請求項１から７のいずれかに記載の抗体またはその抗原結合フラグメントであって、該抗体または該その抗原結合フラグメントは、以下の特性：
－該抗体または該その抗原結合フラグメントが、１０ｎＭ以下のＫ_ｄ値でのＣ５ａへの結合定数を有する；
－該抗体または該その抗原結合フラグメントが、１つの分子Ｃ５ａによって誘導される生物学的効果に対して少なくとも７５％の遮断活性を示す；
－該抗体または該その抗原結合フラグメントが、ヒト血漿においてＣＨ５０活性を阻害しない；
－該抗体または該その抗原結合フラグメントが、ＩＦＸ－１と比較して低下した免疫原性を有する、
の１つ以上を示す、抗体またはその抗原結合フラグメント。
請求項１から８のいずれかに記載の抗体またはその抗原結合フラグメントを含み；そして
１つ以上の薬学的に許容される担体、希釈剤、賦形剤、増量剤、結合剤、滑剤、流動促進剤、崩壊剤、吸着剤、および／または防腐剤をさらに含む、
医薬組成物。
医薬における使用のための、請求項１から８のいずれかに記載の抗体またはその抗原結合フラグメント。

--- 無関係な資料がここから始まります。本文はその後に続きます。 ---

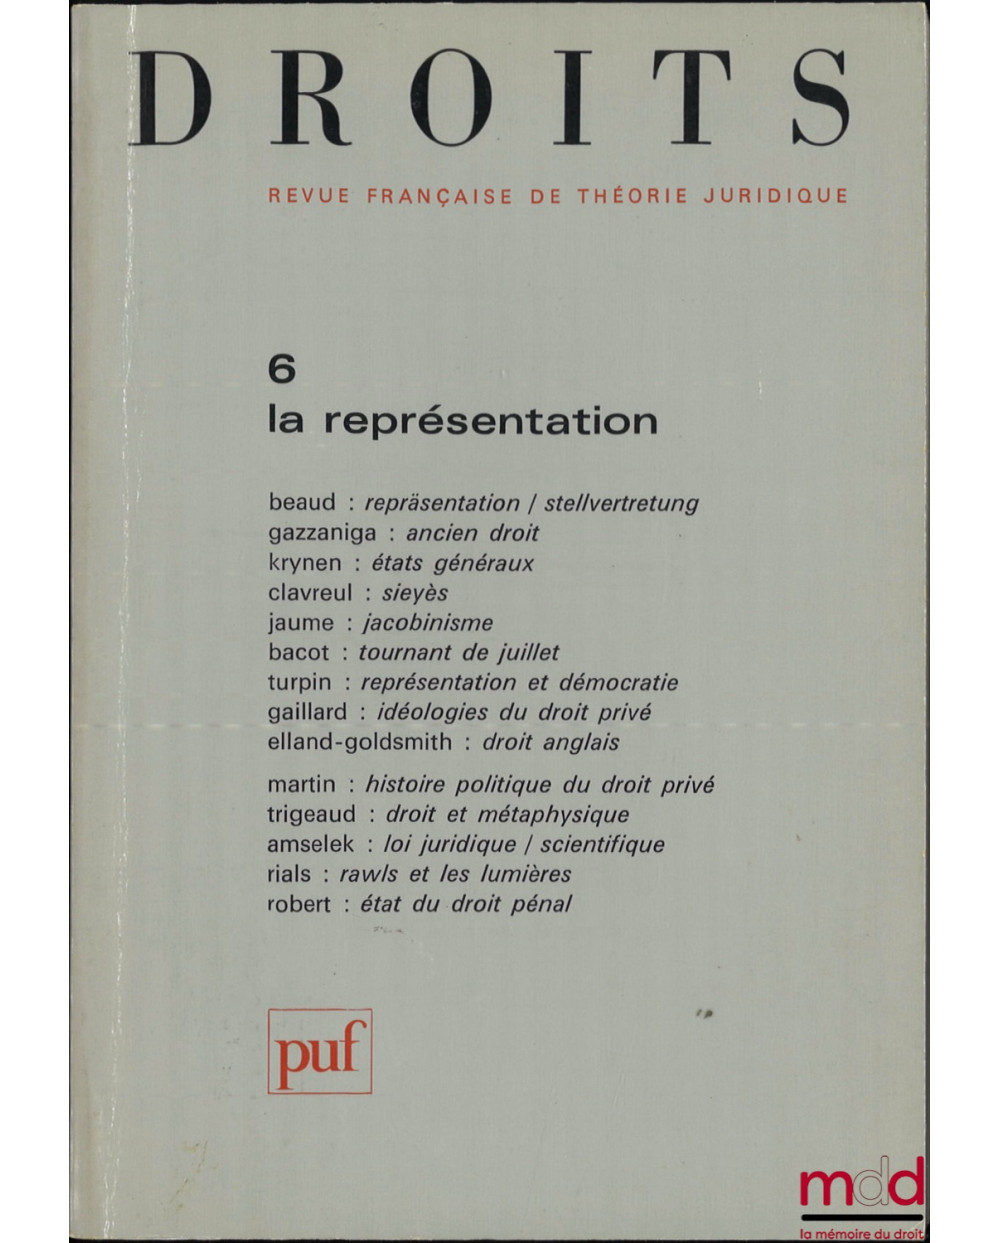 LA REPRÉSENTATION, Droits, Revue Française de Théorie Juridique, n° 6

病理学的Ｃ５ａ活性に関連する疾患または障害の処置または予防における使用のための、請求項１から８のいずれかに記載の化合物。
疾患または障害が、
－自己免疫疾患、
－炎症性疾患、自己炎症性障害、または関連状態、
－心臓血管または脳血管障害、
－細菌感染またはウイルス感染、
－神経変性障害または関連疾患、および
－癌または前癌状態
からなる群から選択される、請求項１１に記載の使用のための化合物。